RESTORE TABLE delta.`/path/to/delta-table` TO VERSION AS OF 0

You can also use the restoreToTimestamp command if you'd prefer to do things that way instead. Read the documentation for more details.

2
votes

If your goal is to fix wrong data and you are not very sensitive to updates you can replace an interval of time.

 df.write
      .format("delta")
      .mode("overwrite")
      .option("replaceWhere", "date >= '2017-01-01' AND date <= '2017-01-31'")
      .save("/delta/events")
1
votes

You should use the time travel feature: https://databricks.com/blog/2019/02/04/introducing-delta-time-travel-for-large-scale-data-lakes.html

You read the data as at a timestamp:

val inputPath = "/path/to/my/table@20190101000000000"

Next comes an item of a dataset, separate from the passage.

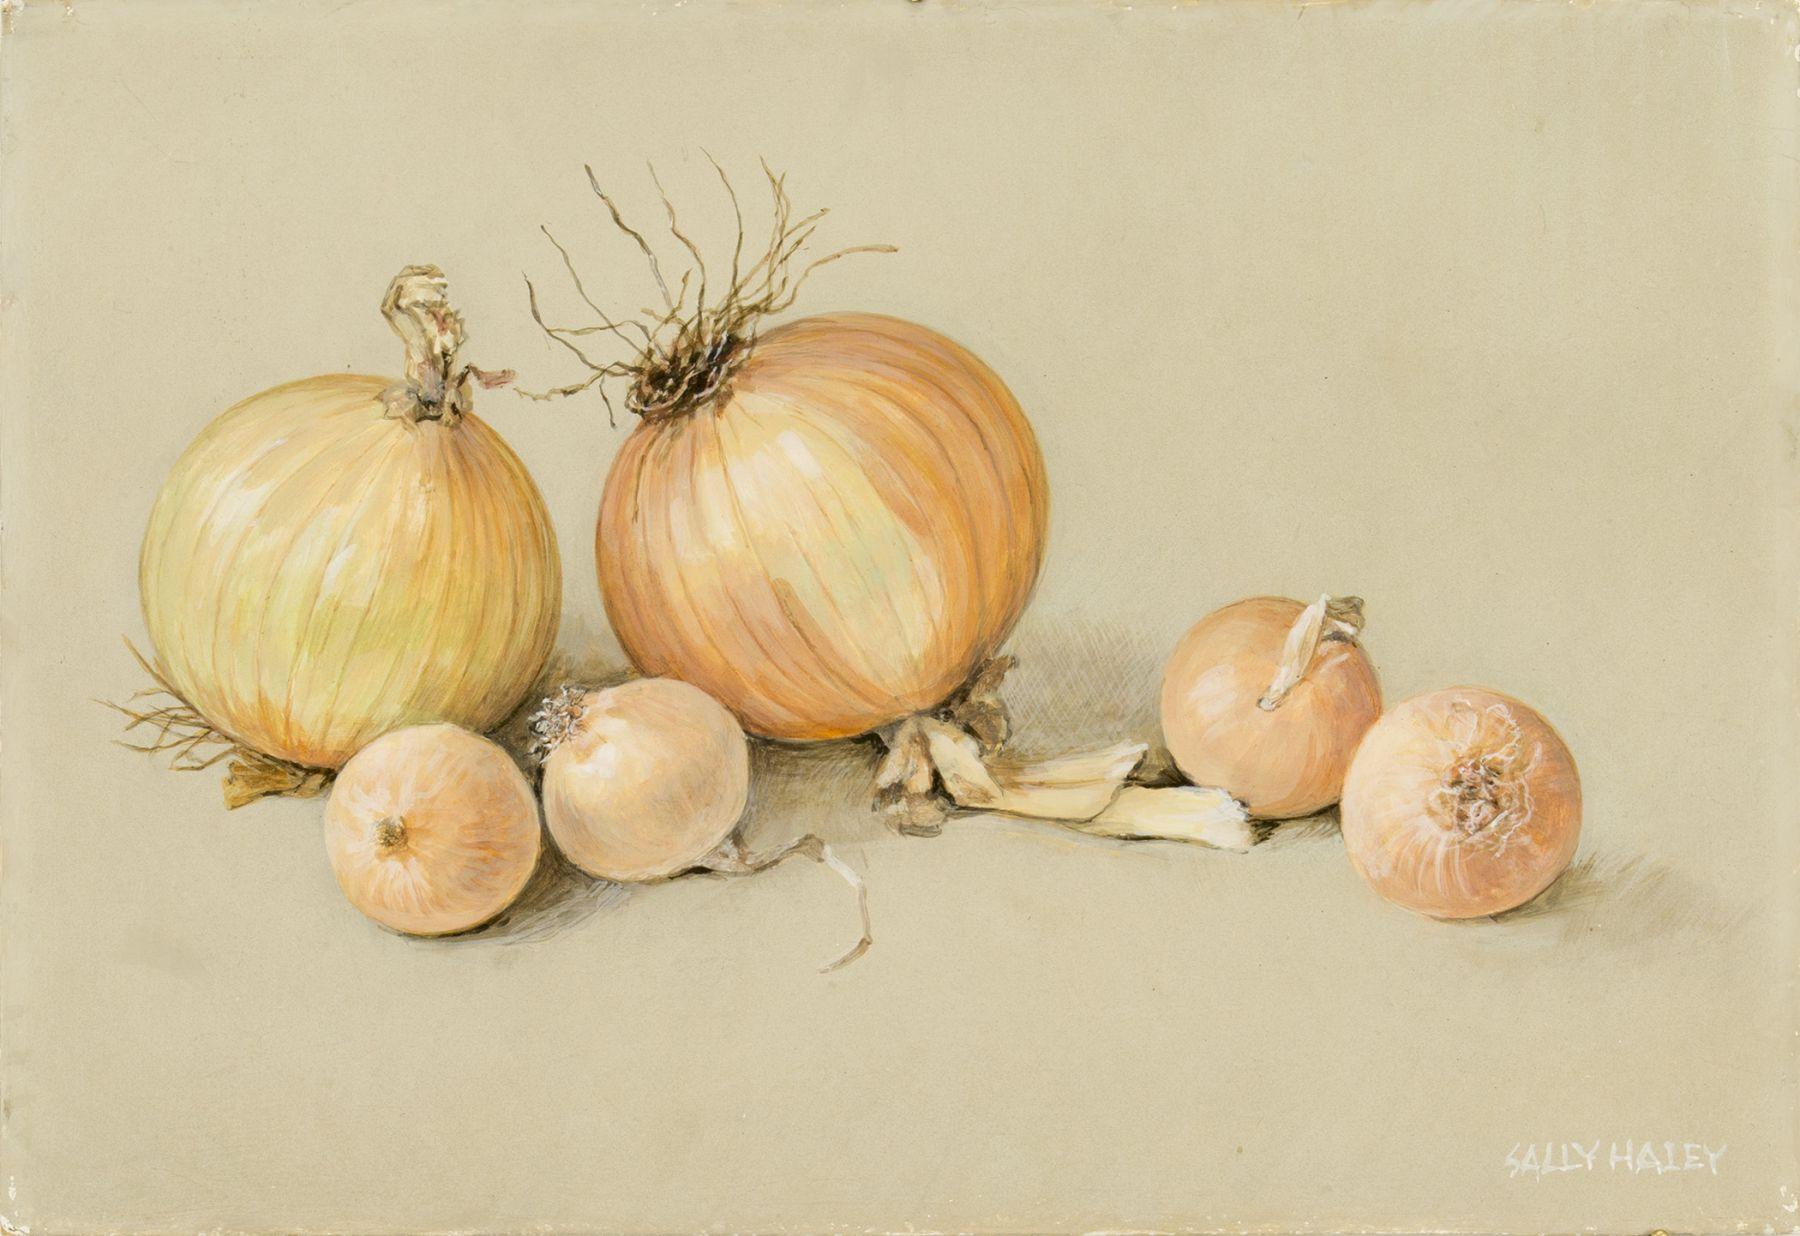 Sally Haley - Six Onions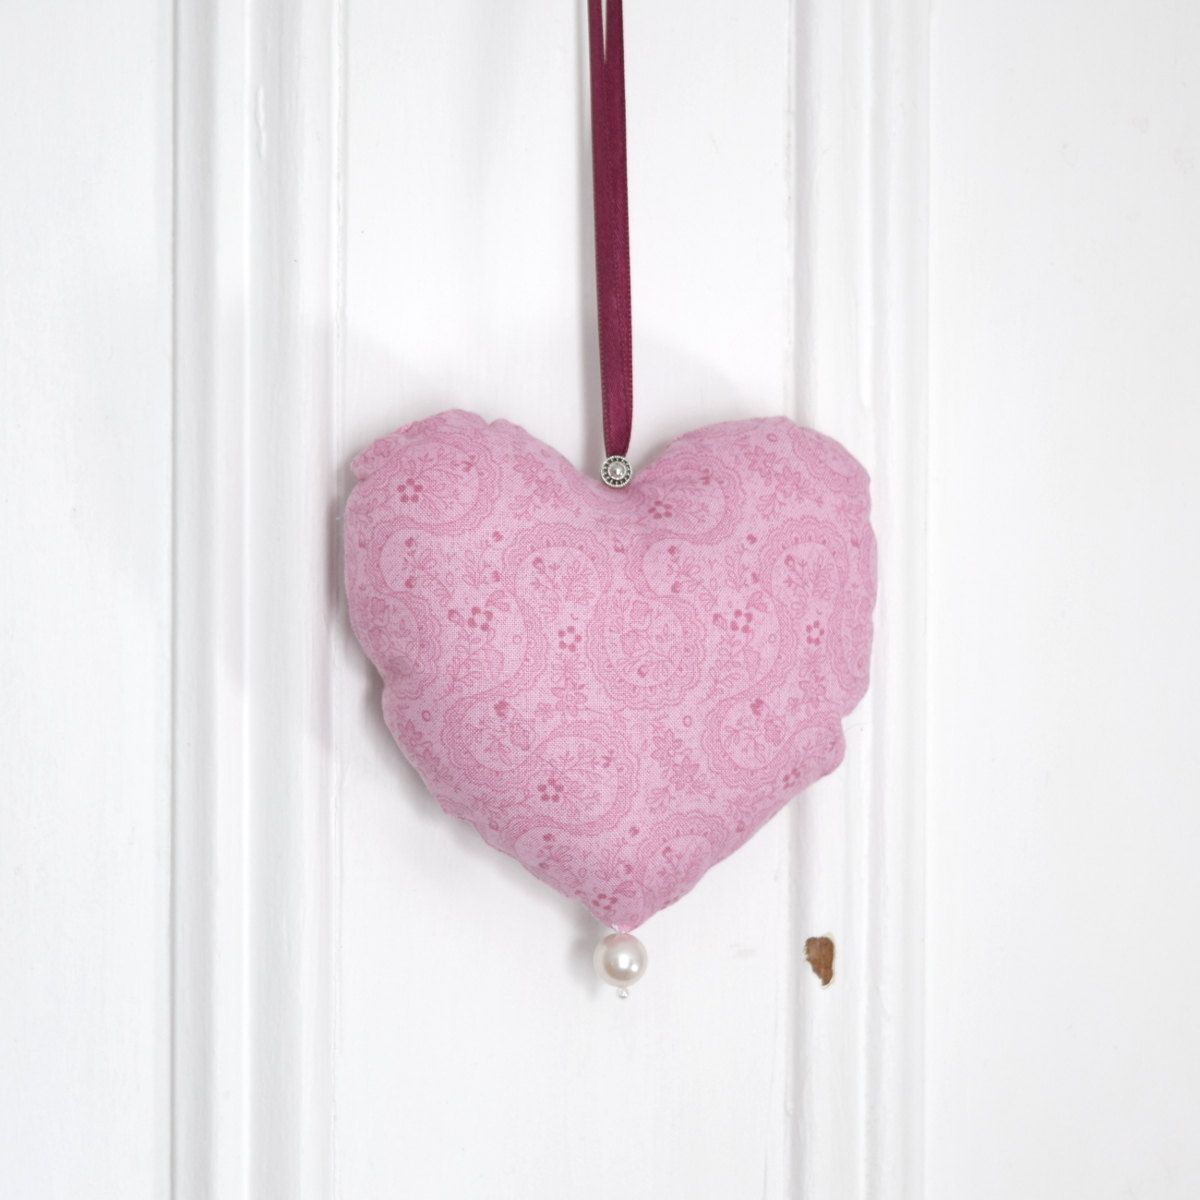 Fabric heart to hang Pink Ribbon Ornament Door hanger Victorian Decoration Valentine Day Gift for women Birthday Shower Girl de la boutique ChristineGrenier sur Etsy

And then overwrite the existing data with the "rolled back" version.

With regards to it being ugly, I'm not sure I can help. You could limit the data using partitioning. Or you could work out which records have changed and only overwrite them.

1
votes

I had faced similar kind of problem with Delta, where I had been calling multiple dml operations in 1 transaction. e.g. I have had a requirement of calling merge and then delete in 1 single transaction. So, in this case, either both of them have to be successful together or rollback the state if any of them fails.

To solve the problem, I had taken the back up of _delta_log (let's call it stable state) directory before transaction starts. If both the DML operations in the transaction are successful then discard the previous stable state and use the new state committed in _delta_log, in case if any of the dml operation fails then just replace the _delta_log directory with the stable state which you took the backup before starting the transaction. Once replaced with a stable state, then just run the vacuum to remove stale files that may have been created during the transaction.